The oil companies targeted in this investigation categorically deny the allegations made by the House Committee.

“The Committee’s fourteen month investigation, which included several hours of executive testimony and nearly a half-million pages of documents, failed on all fronts to uncover evidence of a climate disinformation campaign,” Curtis Smith, the media lead for Shell North America, told CNBC. “In fact, the handful of subpoenaed documents the Committee chose to highlight from Shell are evidence of the company’s extensive efforts to set aggressive targets, transform its portfolio and meaningfully participate in the ongoing energy transition.”

Exxon claims the House Committee lawmakers have been disingenuous in their representation of the oil company’s engagement.

“Our CEO has testified under oath on this subject during two all-day Congressional hearings before two separate committees, we’ve been in regular communication with the committee for over a year, and have provided staff with more than one million pages of documents, including board materials and internal communications,” Todd Spitler, corporate media relations senior advisor for Exxon, told CNBC.

“The House Oversight Committee report has sought to misrepresent ExxonMobil’s position on climate science, and its support for effective policy solutions, by recasting well intended, internal policy debates as an attempted company disinformation campaign. If specific members of the committee are so certain they’re right, why did they have to take so many things out of context to prove their point?”

The industry trade group, the American Petroleum Institute, says it is focused on both providing secure sources of energy and addressing climate change at the same time.

“Our industry is focused on continuing to produce affordable, reliable energy while tackling the climate challenge, and any allegations to the contrary are false.  The U.S. natural gas and oil industry has contributed to the significant progress the U.S. has made in reducing America’s CO2 emissions to near generational lows with the increased use of natural gas,” Megan Bloomgren, senior vice president of the American Petroleum Institute, told CNBC.

The API also pointed to the industry’s focus on developing carbon capture, utilization and storage (CCUS) and hydrogen technologies.

“We are poised to be a leader in the next generation of low carbon technologies, including CCUS and Hydrogen — technologies widely recognized to be critical to meet the world’s emissions reduction targets.  API will continue to work with policymakers on both sides of the aisle for policies that support industry innovation and further the progress we’ve made on emissions reductions,” Bloomgren said.

Chevron declined to comment. In June, Chevron CEO Mike Wirth wrote an open letter to President Joe Biden saying that the oil company had produced the highest volume of oil and gas in its 143-year history in 2021. And Wirth pointed out that carbon emissions associated with segments of its oil and gas production was lower than global averages.
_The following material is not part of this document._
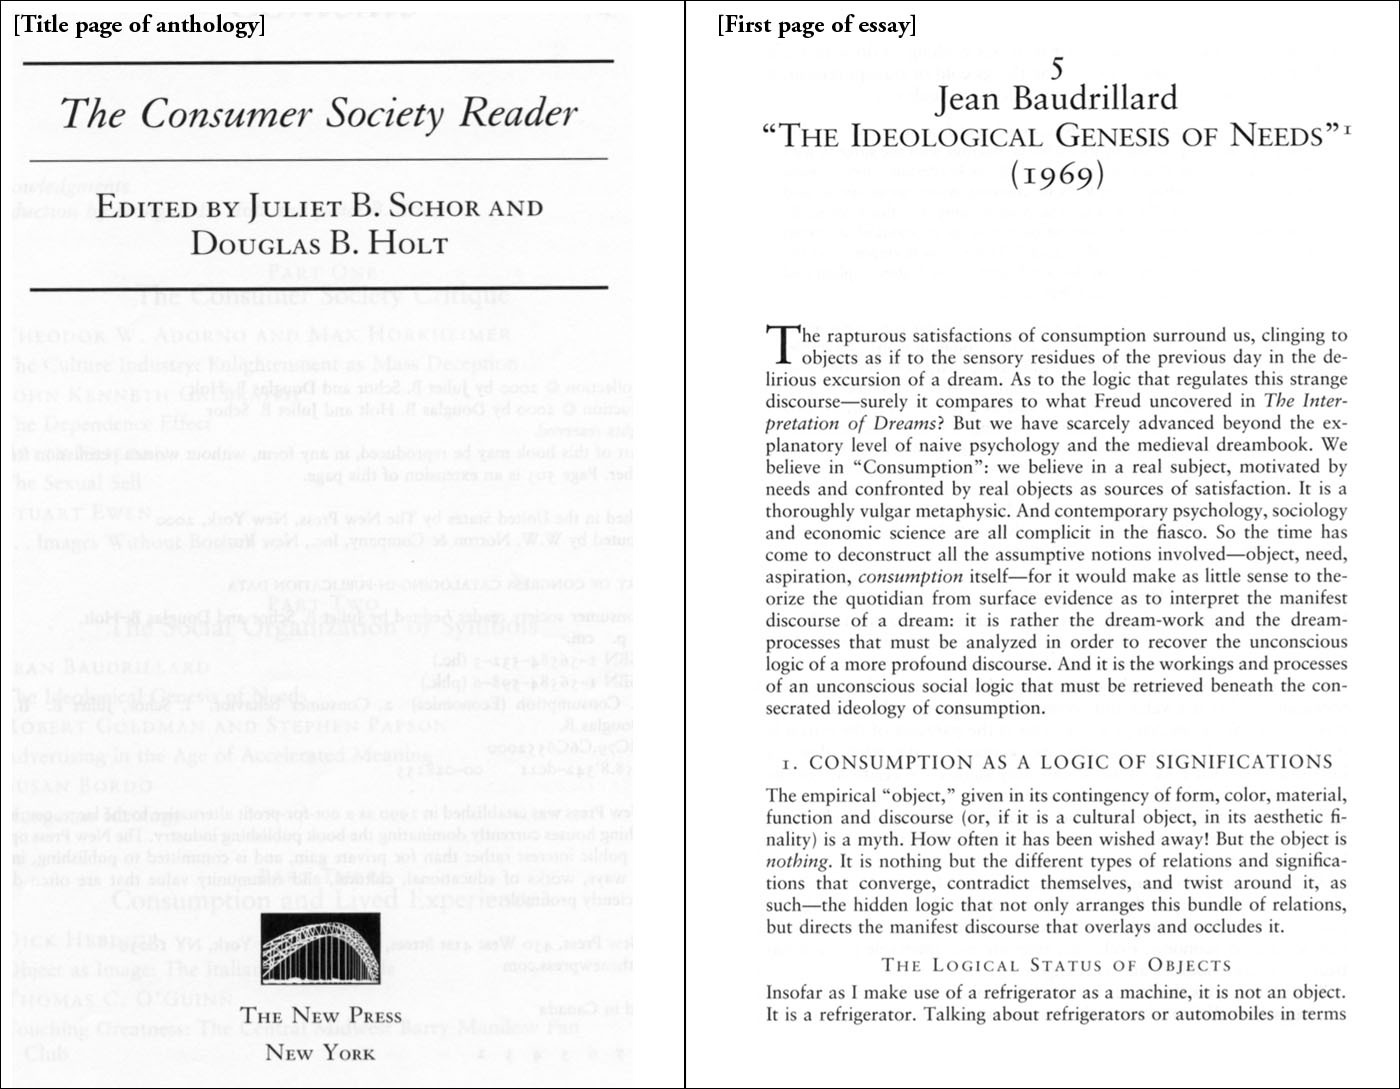 The figure shows a title page of an anthology and the first page of a selection. The title page contains the following text. The Consumer Society Reader. Edited by Juliet B. Schor and Douglas B. Holt. The New Press. New York. The first page of the essay contains the following text. Jean Baudrillard, The Ideological Genesis of Needs (1969). Then the text of the essay is shown.

“At roughly 15 kg of CO2-equivalent per barrel, Chevron’s Permian Basin carbon intensity is some two-thirds lower than the global industry average. U.S. Gulf of Mexico production has carbon intensity just a fraction of the global industry average,” Wirth wrote. In the letter Wirth also said the oil company was investing $10 billion to reduce greenhouse gas emissions, scale carbon capture and hydrogen technologies, and grow its renewable liquid fuels production. 

BP did not immediately respond to an email seeking comment.